WHAT YOU NEED TO DO:
Each line below from the "Vakantiehuis Jeu de boules" line through the "韩影票房:《复联4》霸榜无敌 李光洙新片紧跟" line, those two included, must be restated word for word; the pictures must not be.

THE DATA:
════════
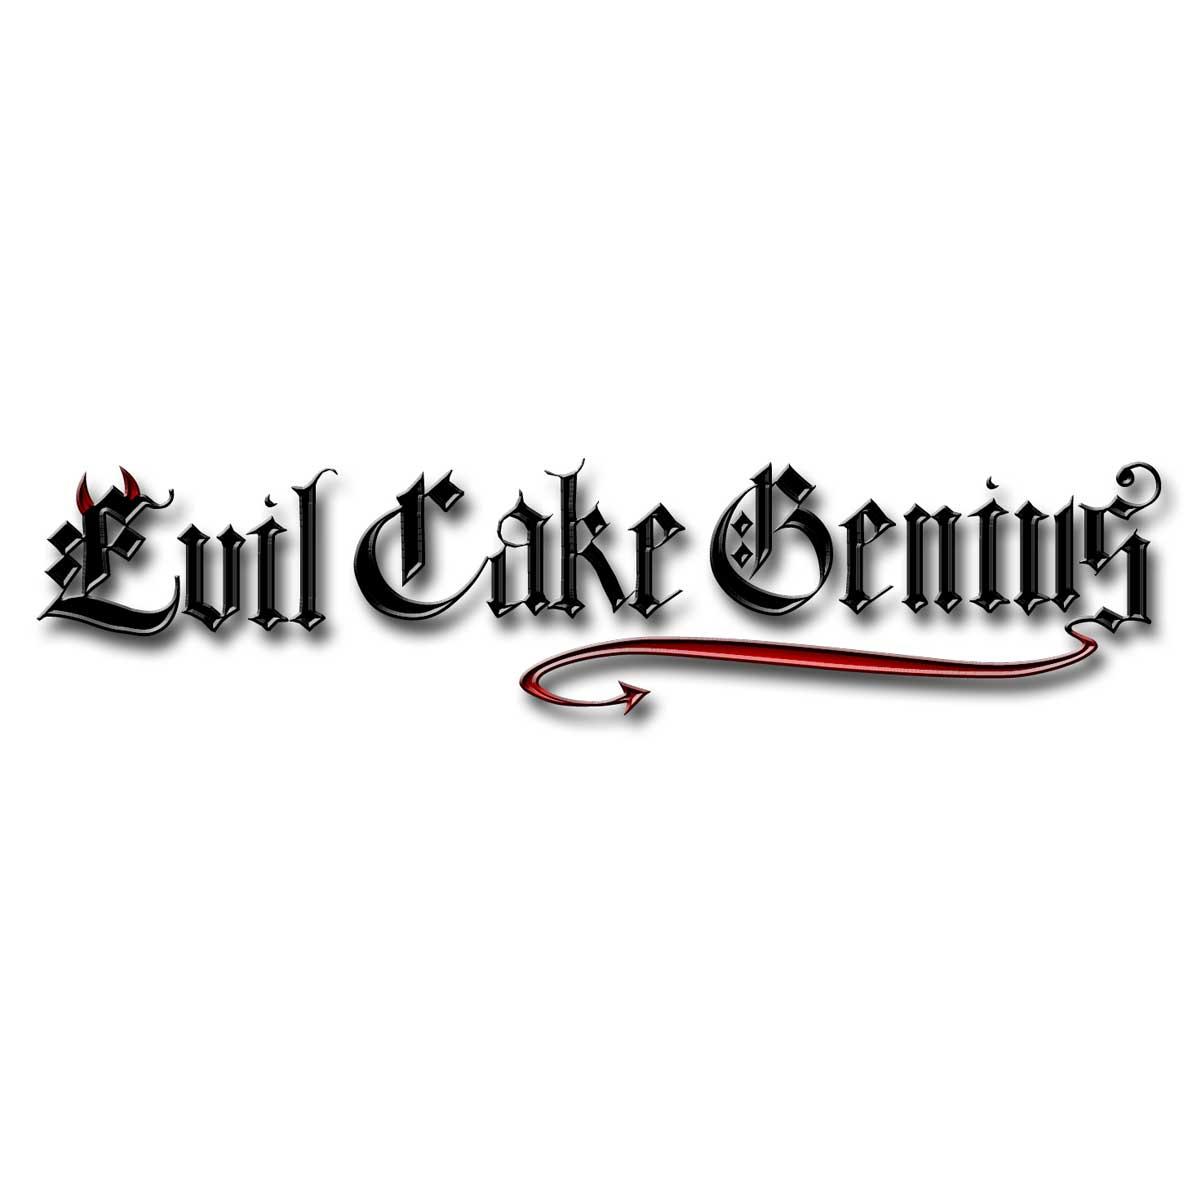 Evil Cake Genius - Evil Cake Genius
════════
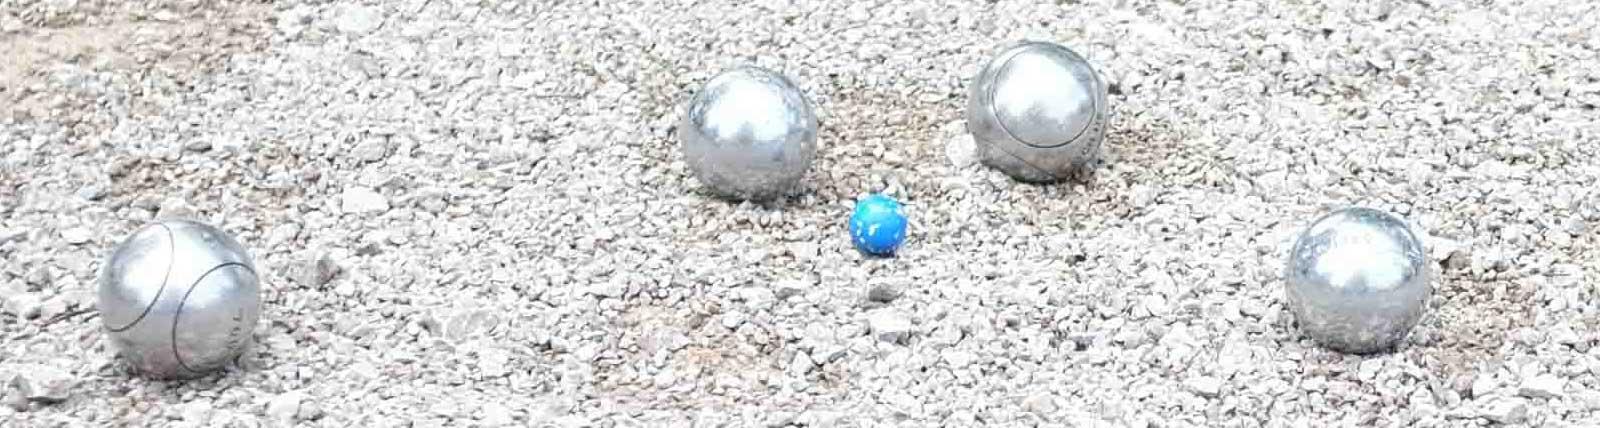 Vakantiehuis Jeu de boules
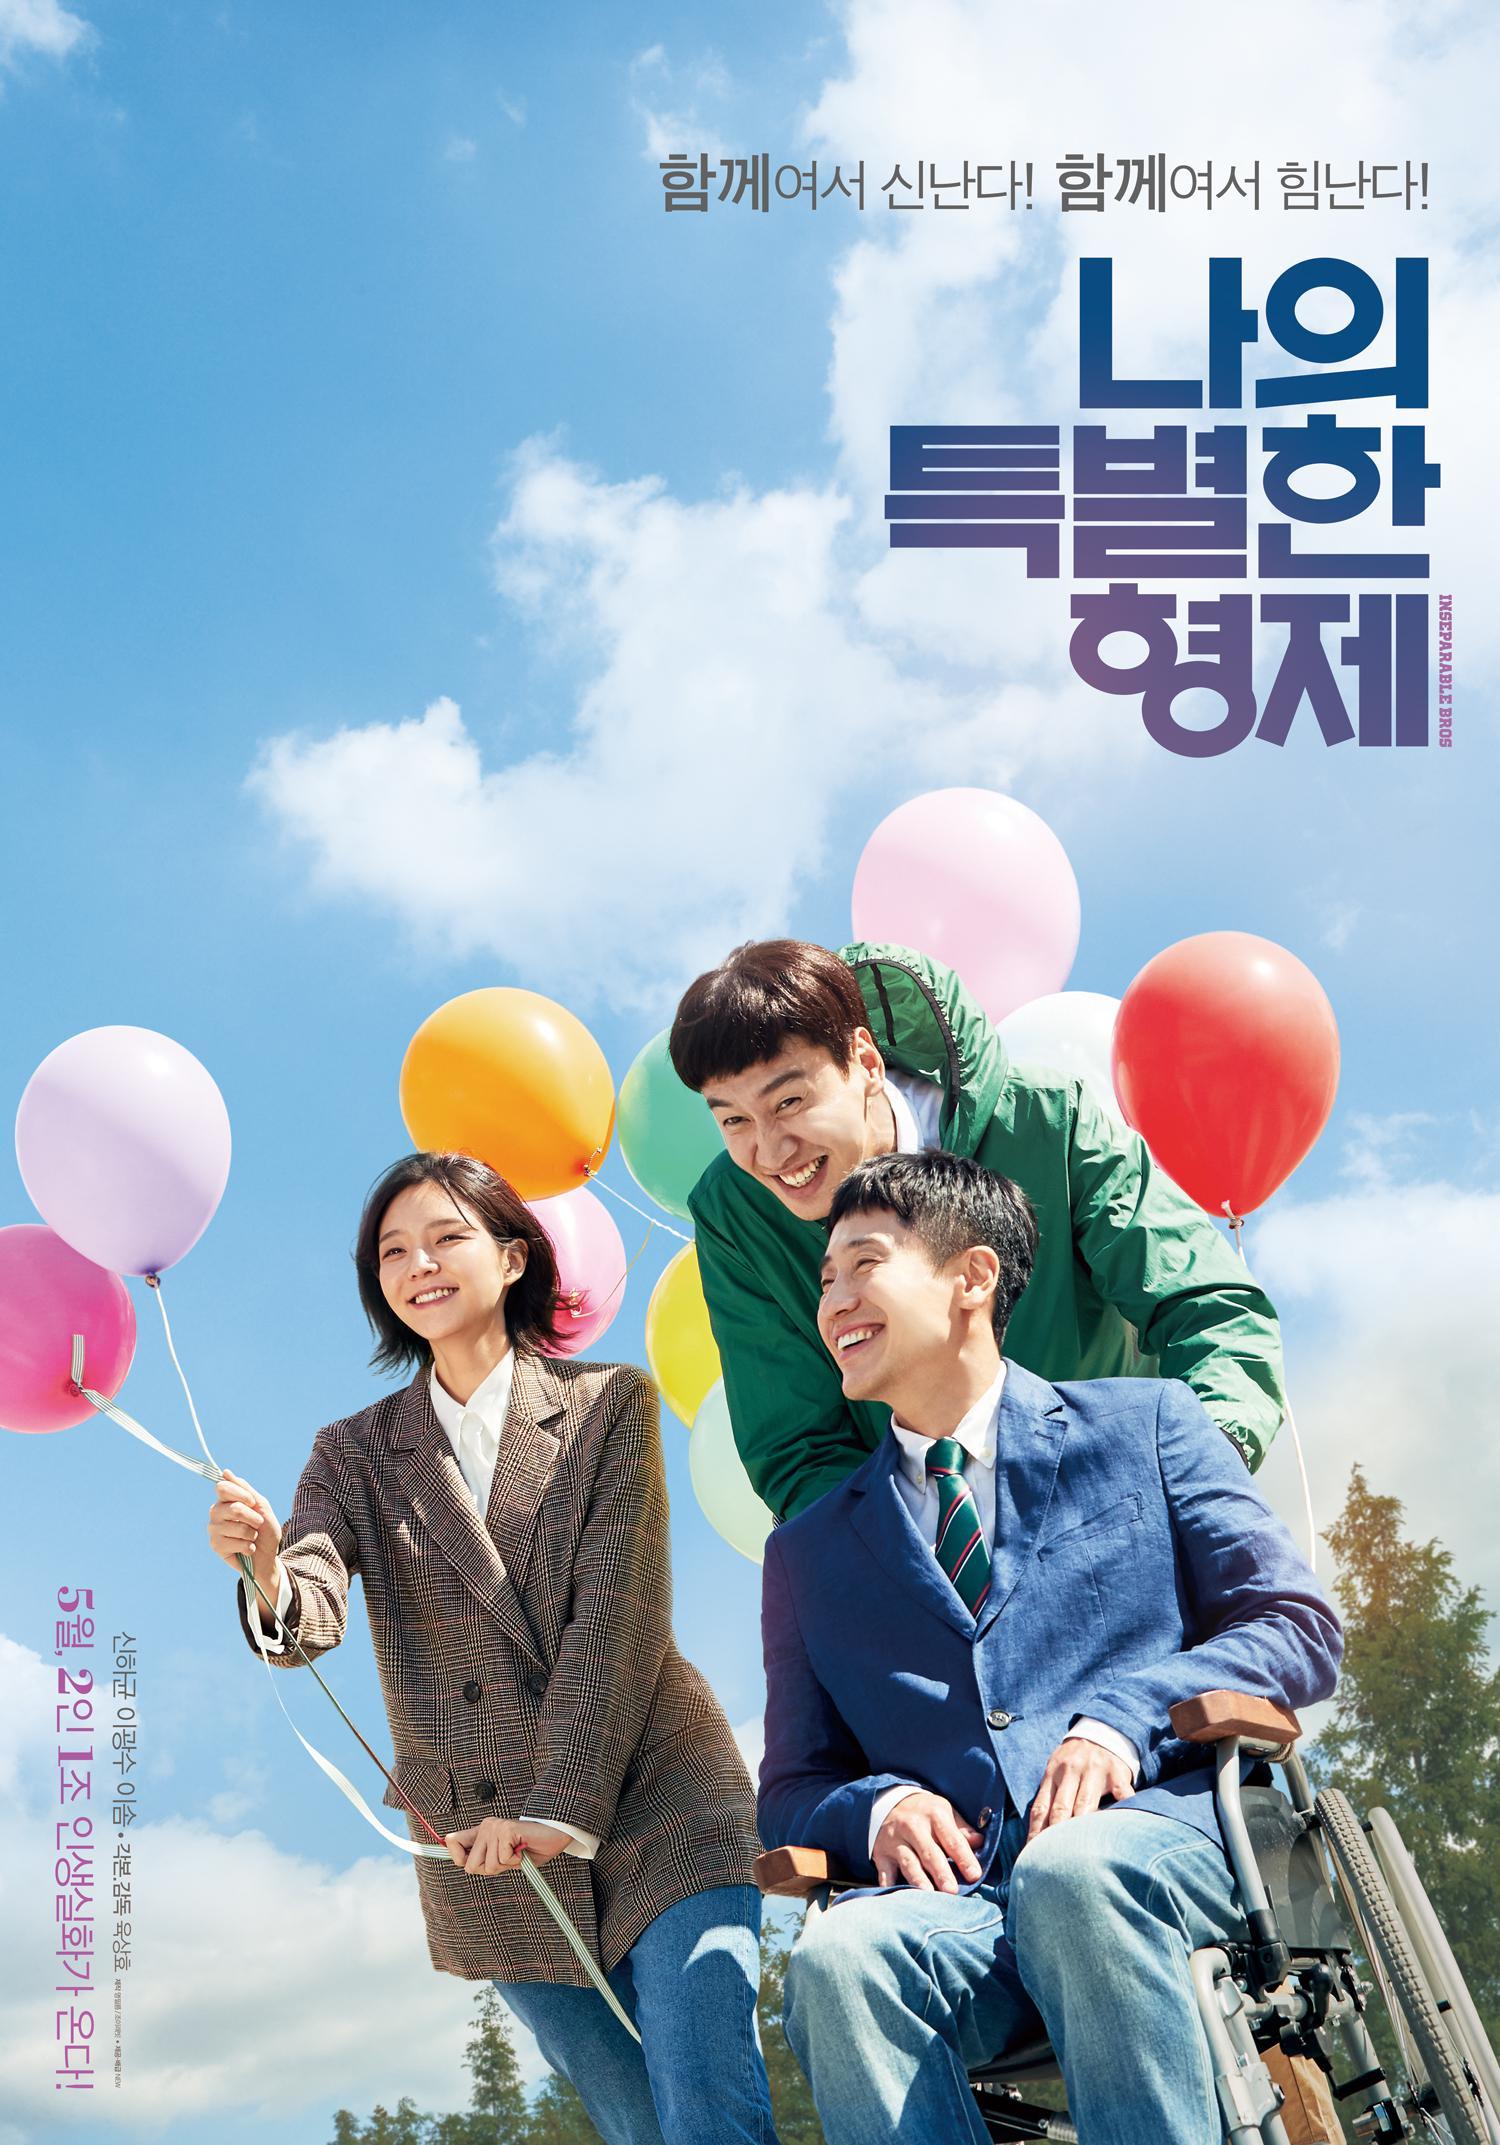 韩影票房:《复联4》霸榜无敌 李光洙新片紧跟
════════
RESULT OF THE EXERCISE:
 Vakantiehuis Jeu de boules
 韩影票房:《复联4》霸榜无敌 李光洙新片紧跟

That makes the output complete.